Comparison of the catalytic and immunological properties of beta-glucosidases from three strains of Saccharomyces lactis.

beta-Glucosidase from Saccharomyces lactis strains Y-123 (B(h)), Y-14 (B(m)), and Y-1057A (B(1)) was partially purified. The pH optima, Michaelis constants, and activation energies were determined for the hydrolysis of p-nitro-phenyl-beta-d-glucoside by each of the enzymes. Differences among these constants were not enough to account for the low specific activity of beta-glucosidase in strains Y-14 and Y-1057A. Enzyme-inhibitor constants were measured for a series of alkyl and aryl glucosides. In general, the three enzymes are arylglucosidases. Tris(hydroxymethyl)-aminomethane inhibited all three enzymes in an uncompetitive fashion. The inhibition was antagonized by Mg(++). An antiserum was prepared to the highly purified (200-fold) beta-glucosidase from strain Y-123. The nature and degree of cross-reaction between the three beta-glucosidases was investigated by double diffusion in agar and neutralization tests.
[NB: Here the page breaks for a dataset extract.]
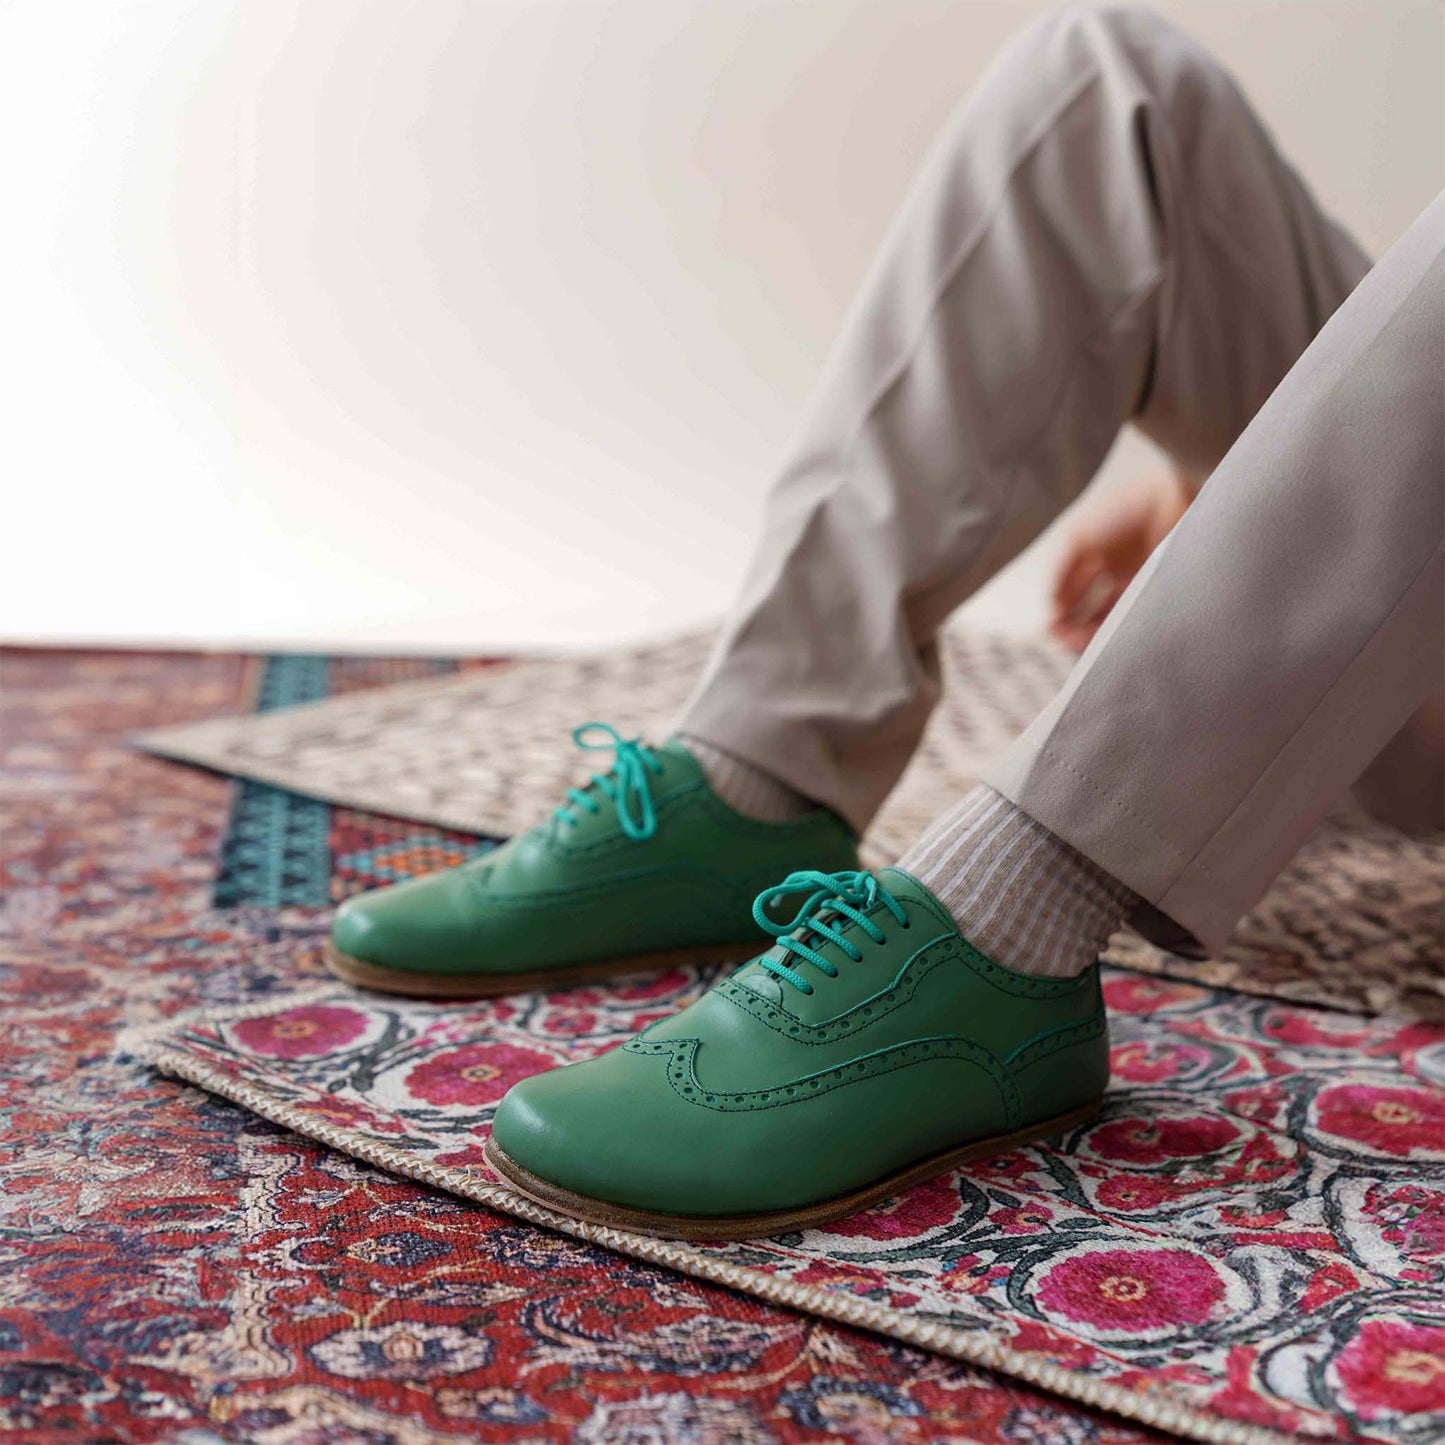 Man wearing green Doris barefoot Oxfords paired with beige pants on a patterned rug – modern look.

Spur formation in the immunodiffusion tests and similar equivalence points in the neutralization tests indicated a strong degree of cross-reaction between the three enzymes. The ratio of enzyme activity to antigenicity was used to compare the relative molecular activity of beta-glucosidase in the three strains. Each strain produced the same amount of beta-glucosidase per milligram of cell protein. The results are consistent either with a lower turnover number for the beta-glucosidase in strains Y-14 and Y-1057A or with the production of beta-glucosidase with a "normal" turnover number and enough cross-reacting material to effectively reduce the specific activity to the observed levels.